Option 3: Create a activator-akka-cassandra project from the command line

If you have Typesafe Activator, use its command line mode to create a new project from this template. Type activator new PROJECTNAME activator-akka-cassandra on the command line.

Option 4: View the template source

The creator of this template maintains it at https://github.com/eigengo/activator-akka-cassandra#master.

Option 5: Preview the tutorial below

We've included the text of this template's tutorial below, but it may work better if you view it inside Activator on your computer. Activator tutorials are often designed to be interactive.

Preview the tutorial

Akka and Cassandra

In this tutorial, I am going to use the Spray-Client, DataStacks Cassandra driver and Akka to build an application that downloads tweets and then stores their id, text, name and date in a Cassandra table.It shows you how to build a simple Akka application with just a few actors, how to use Akka IO to make HTTP requests, and how to store the data in Cassandra. It also demonstrates approaches to testing of such applications, including performance tests.

Learn how to construct Akka-based command-line applications;how to test them (using TestKit)and Specs2; and how to use Spray-Client to make asynchronous HTTP requests.

The core

I begin by constructing the core of our system. It contains three actors two that interact with the tweet database and one that downloads the tweets. The TwitterReadActor reads from the Cluster, the TweetWriteActor writes into the Cluster, and the TweetScanActor downloadsthe tweets and passes them to the TweetWriteActor to be written. These dependencies are expressed in the actors' constructors

class TweetReadActor(cluster: Cluster) extends Actor {
  ...
}

class TweetWriterActor(cluster: Cluster) extends Actor {
  ...
}

class TweetScanActor(tweetWrite: ActorRef, queryUrl: String => String) extends Actor {
  ...
}

The constructor parameter of the read and write actors is just the Cassandra Cluster instance; the scan actor takes an ActorRef of the write actor and a function that given a String query can construct the query URL to download the tweets. (This is how I construct keyword searches, for example.)

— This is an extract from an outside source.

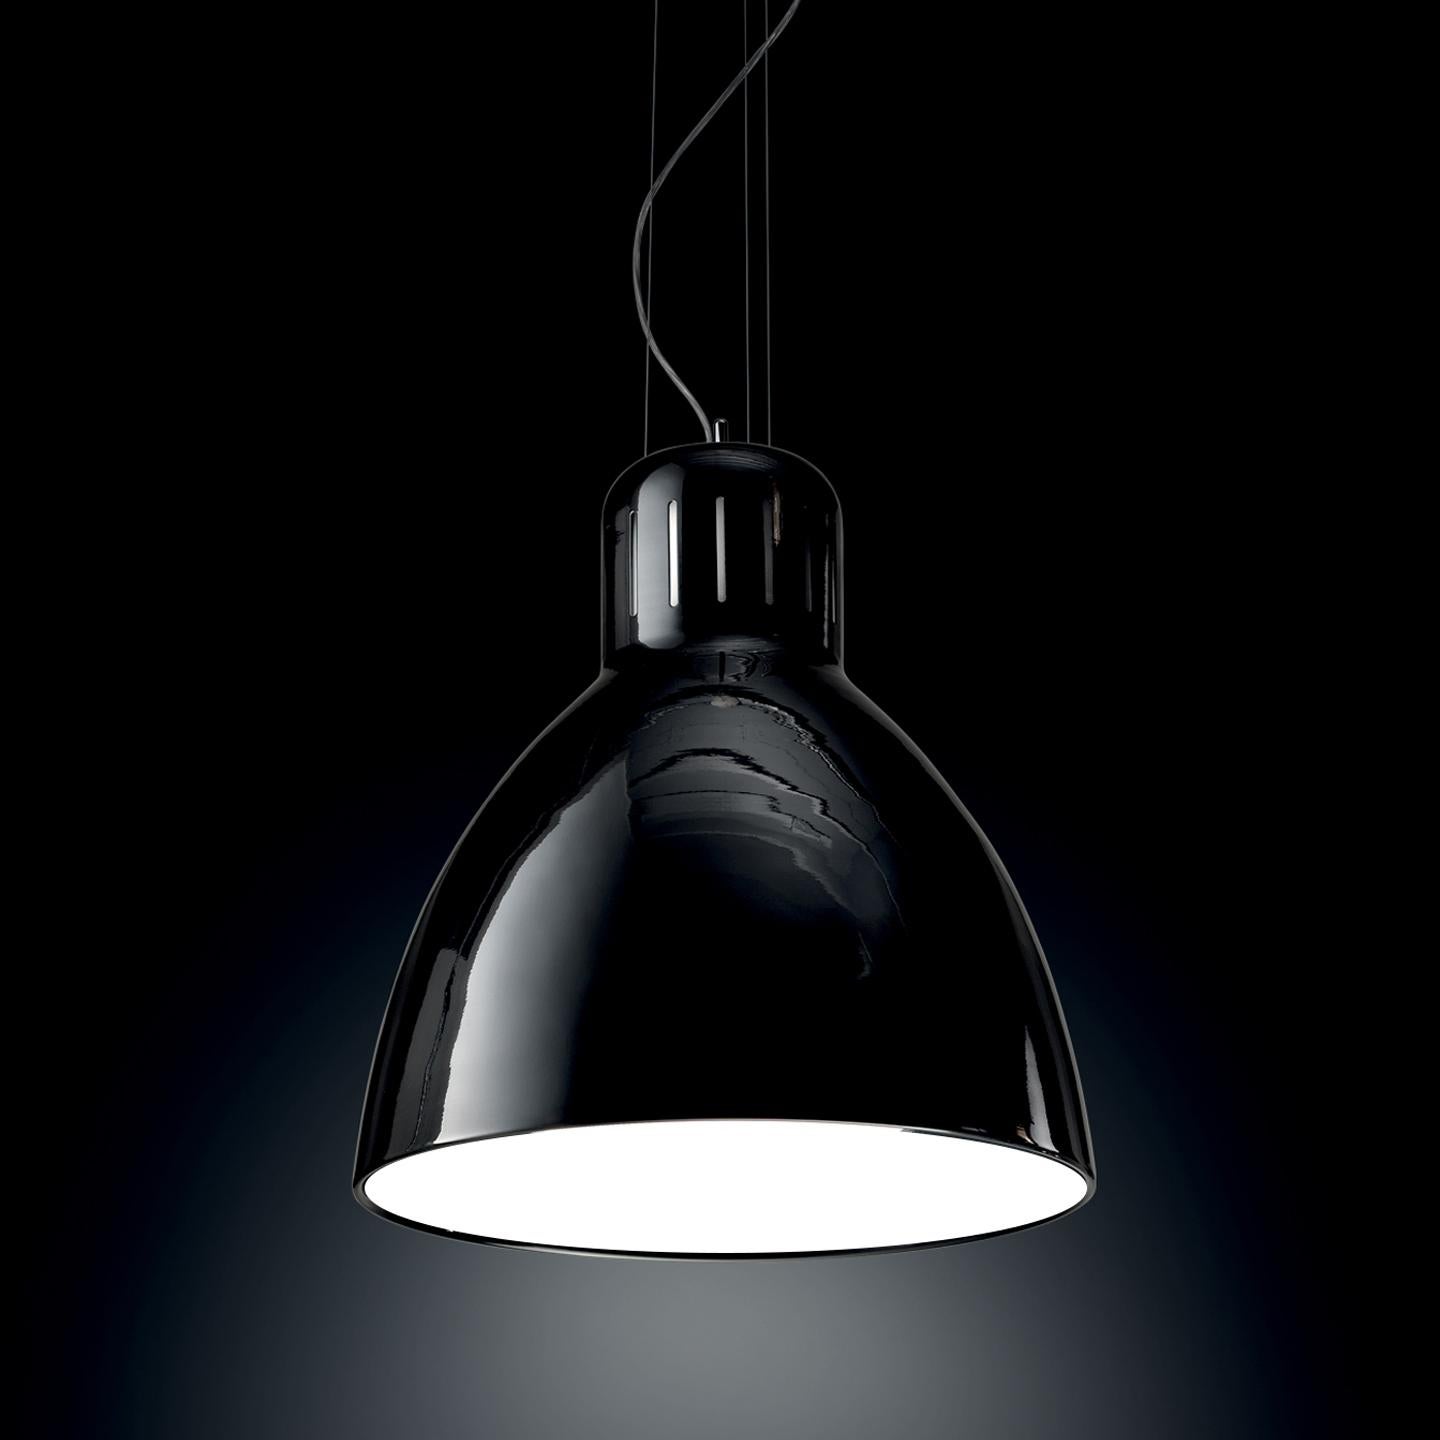 The Great JJ pendant updates the original Jac Jacobsen L-1 architect desk lamp (1937) for contemporary use. The 2006 refresh of this iconic design is a clever play on scale and light topology (creating a large-scale pendant from a small-scale task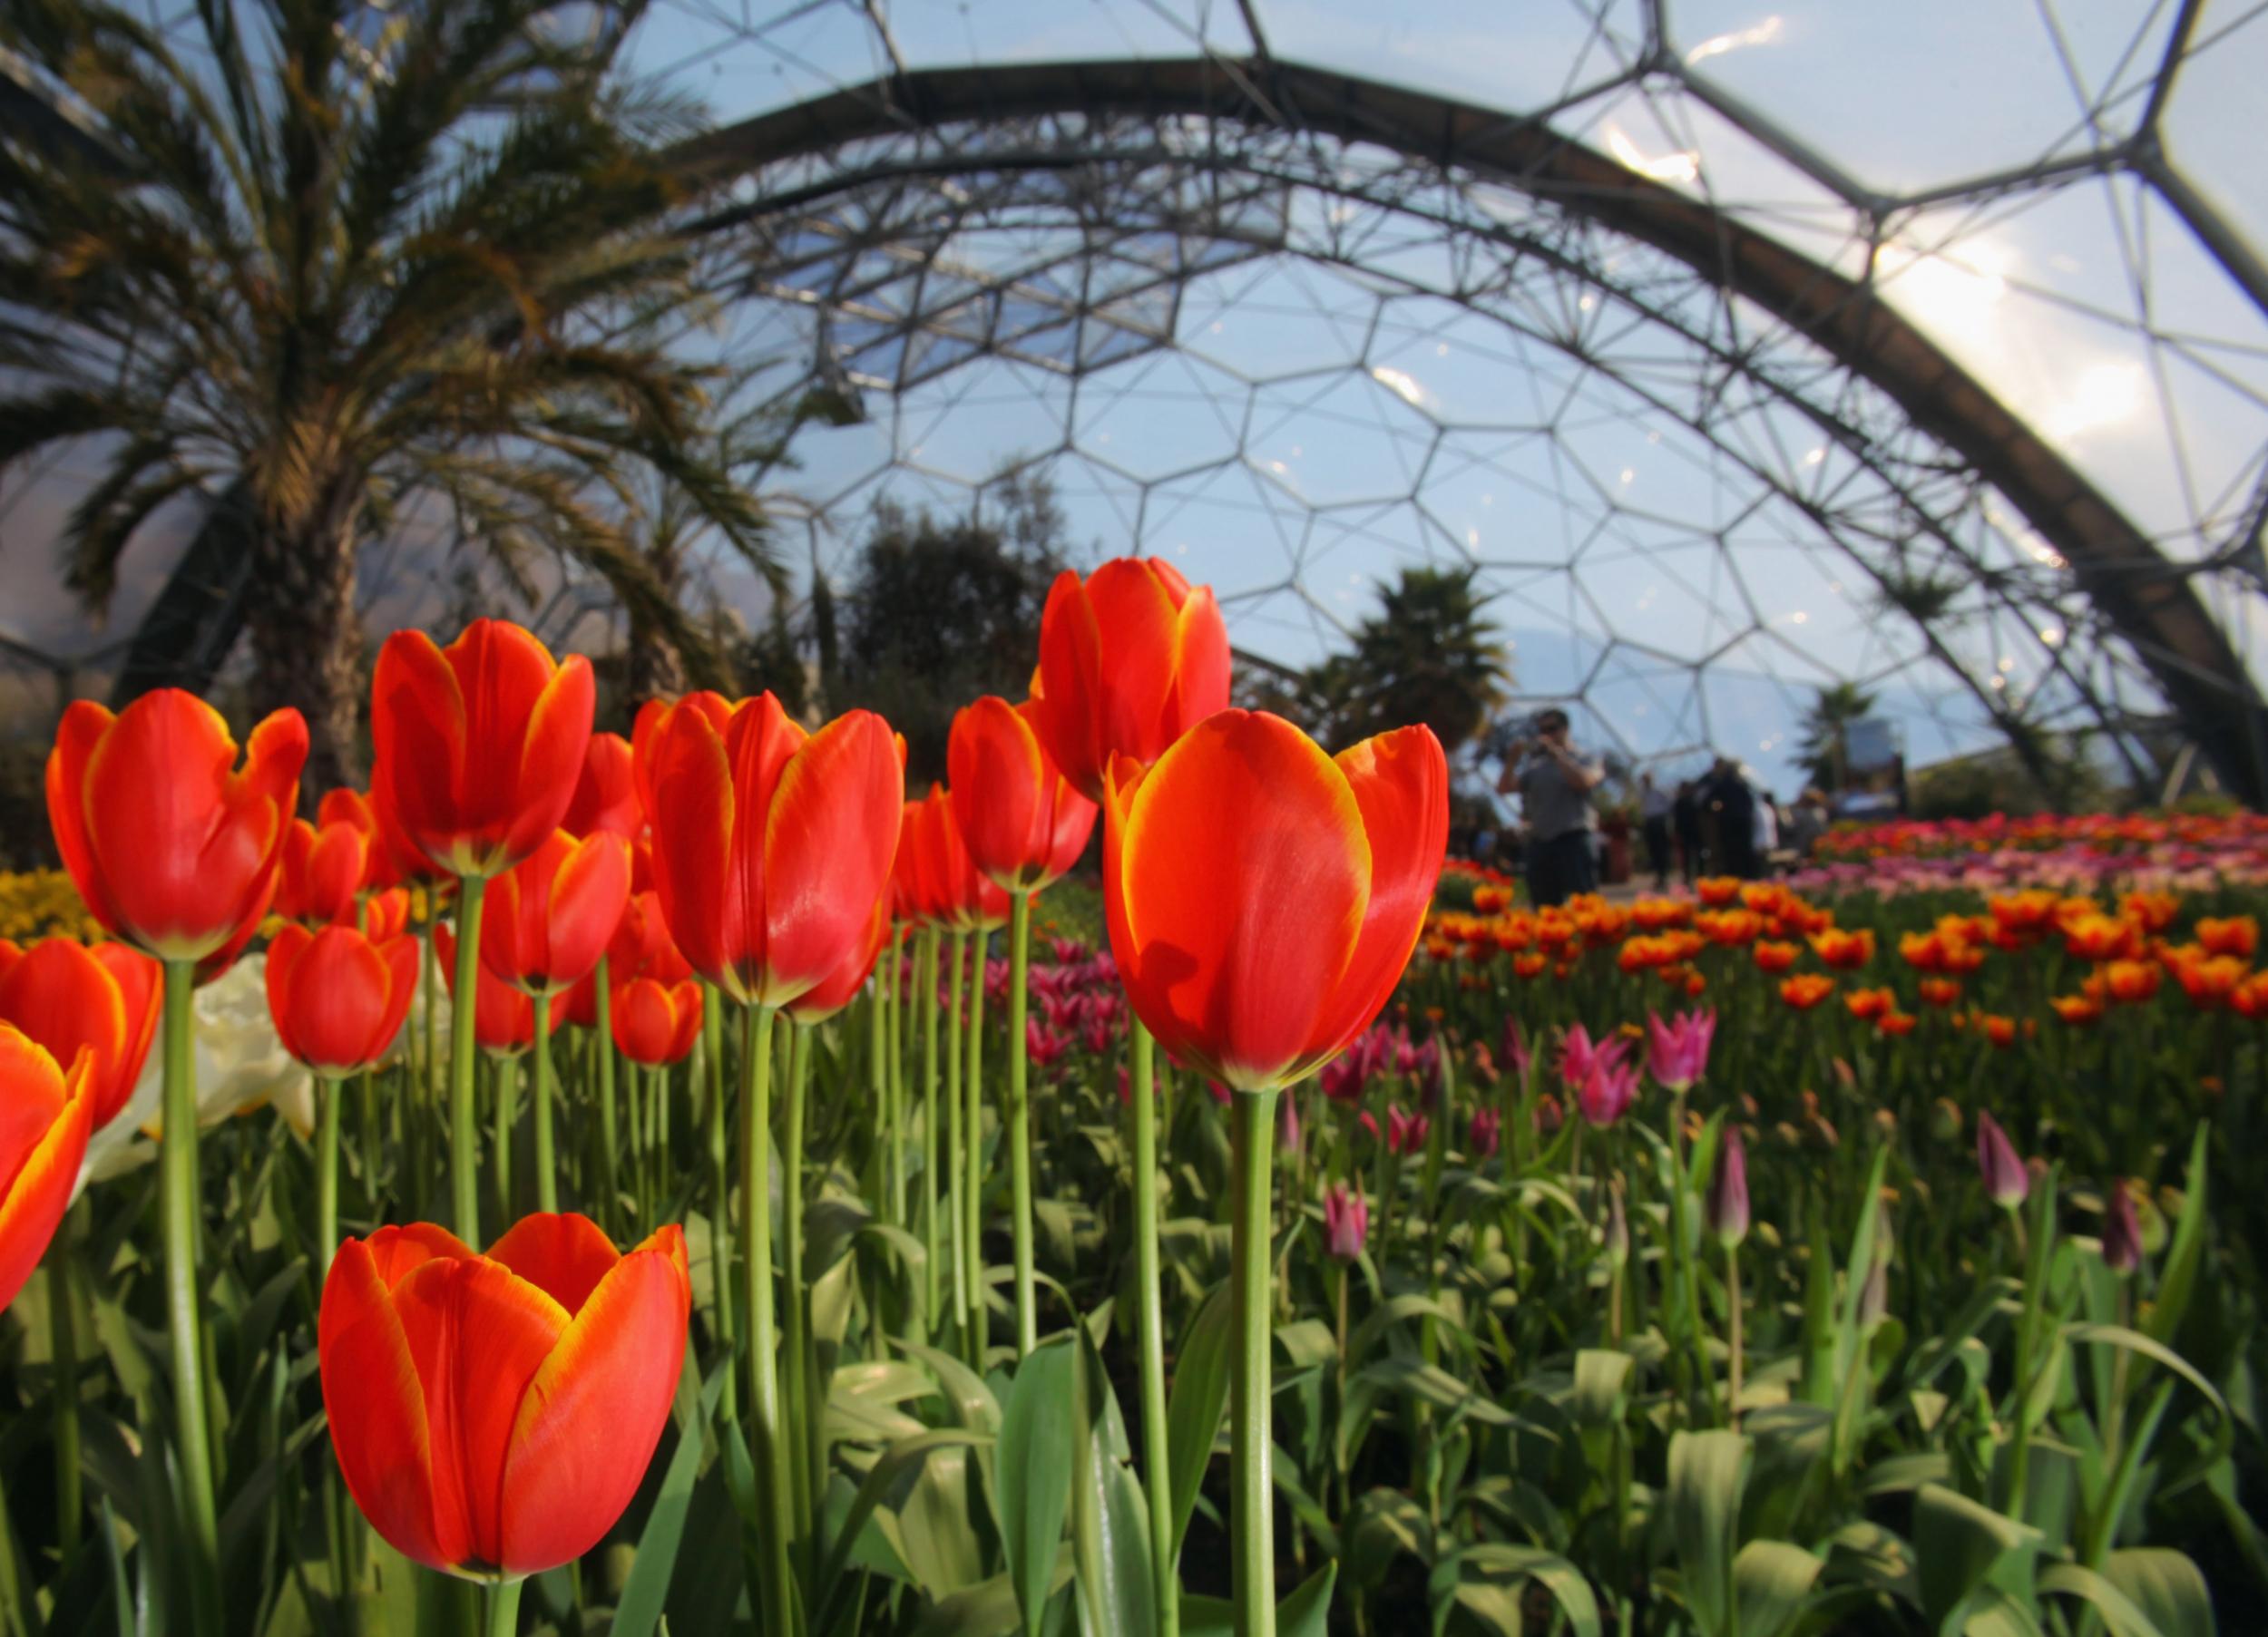 Spring is in full bloom at the Eden Project in Cornwall, which got a gong for its work for customers with disabilities

To construct our application, all we need to do is to instantiate the actors in the right sequence

val system = ActorSystem()

def queryUrl(query: String): String = ???
val cluster: Cluster = ???

val reader  = system.actorOf(Props(new TweetReaderActor(cluster)))
val writer  = system.actorOf(Props(new TweetWriterActor(cluster)))
val scanner = system.actorOf(Props(new TweetScannerActor(writer, queryUrl)))

I shall leave the implementation of cluster and queryUrl as ??? the kink in the chain, logical inconsistency in otherwise perfect system, a.k.a. the bottom type.

Writing to Cassandra

Now that we have the structure in place, we can take a look at the TwitterWriterActor. It receives instances of Tweet, which it writes to the tweets keyspace in Cassandra.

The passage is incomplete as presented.